| Extracted information |
◆ ◆ ◆

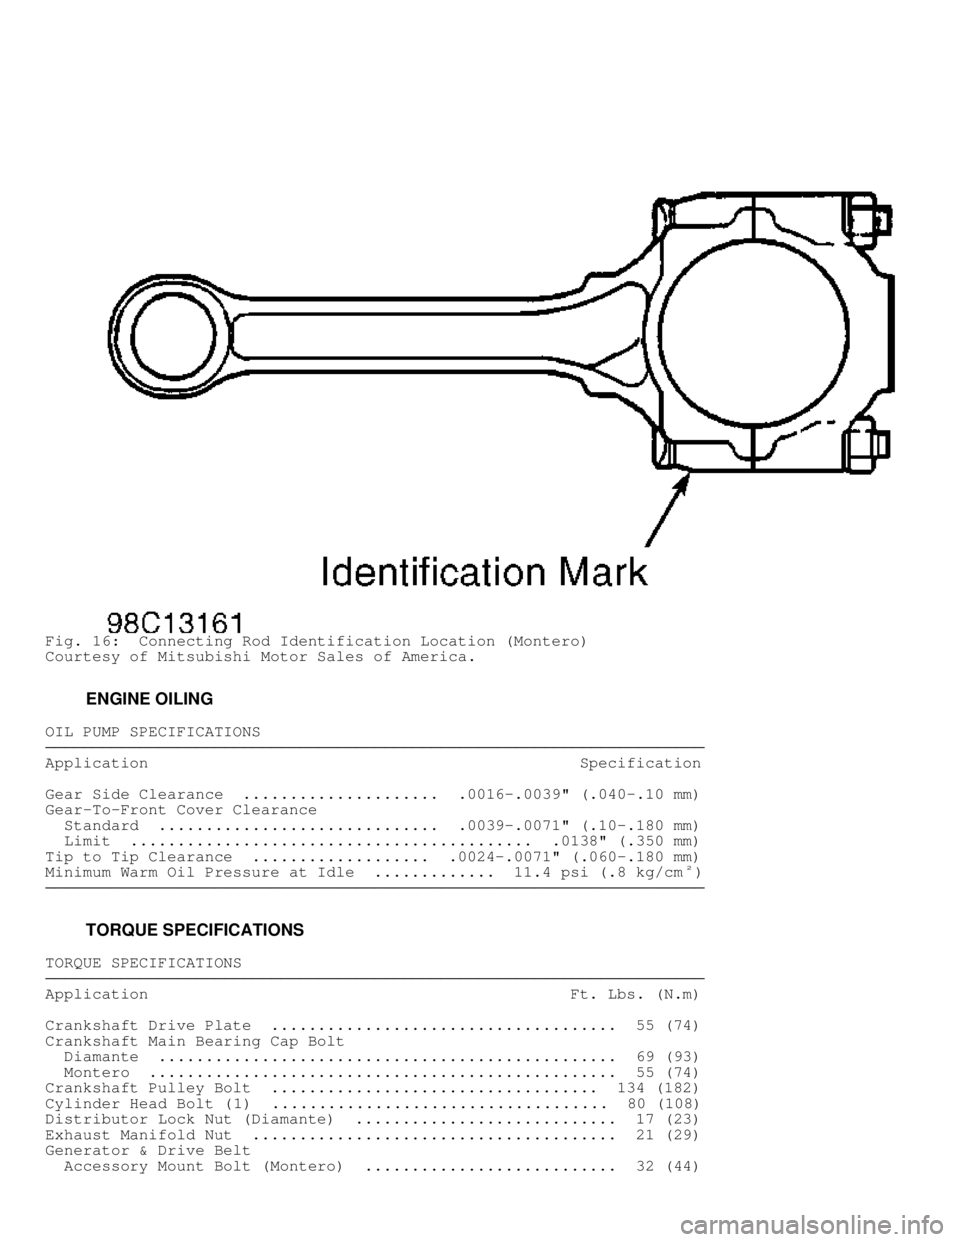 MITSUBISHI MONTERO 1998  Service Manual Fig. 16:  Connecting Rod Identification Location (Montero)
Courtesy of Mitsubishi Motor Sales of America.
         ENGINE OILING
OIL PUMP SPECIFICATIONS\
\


◆ ◆ ◆

| What the exercise asks |
Word for word, reproduce all the data, but not the pictures.

| Written response |
 MITSUBISHI MONTERO 1998  Service Manual Fig. 16:  Connecting Rod Identification Location (Montero)
Courtesy of Mitsubishi Motor Sales of America.
         ENGINE OILING
OIL PUMP SPECIFICATIONS\
\


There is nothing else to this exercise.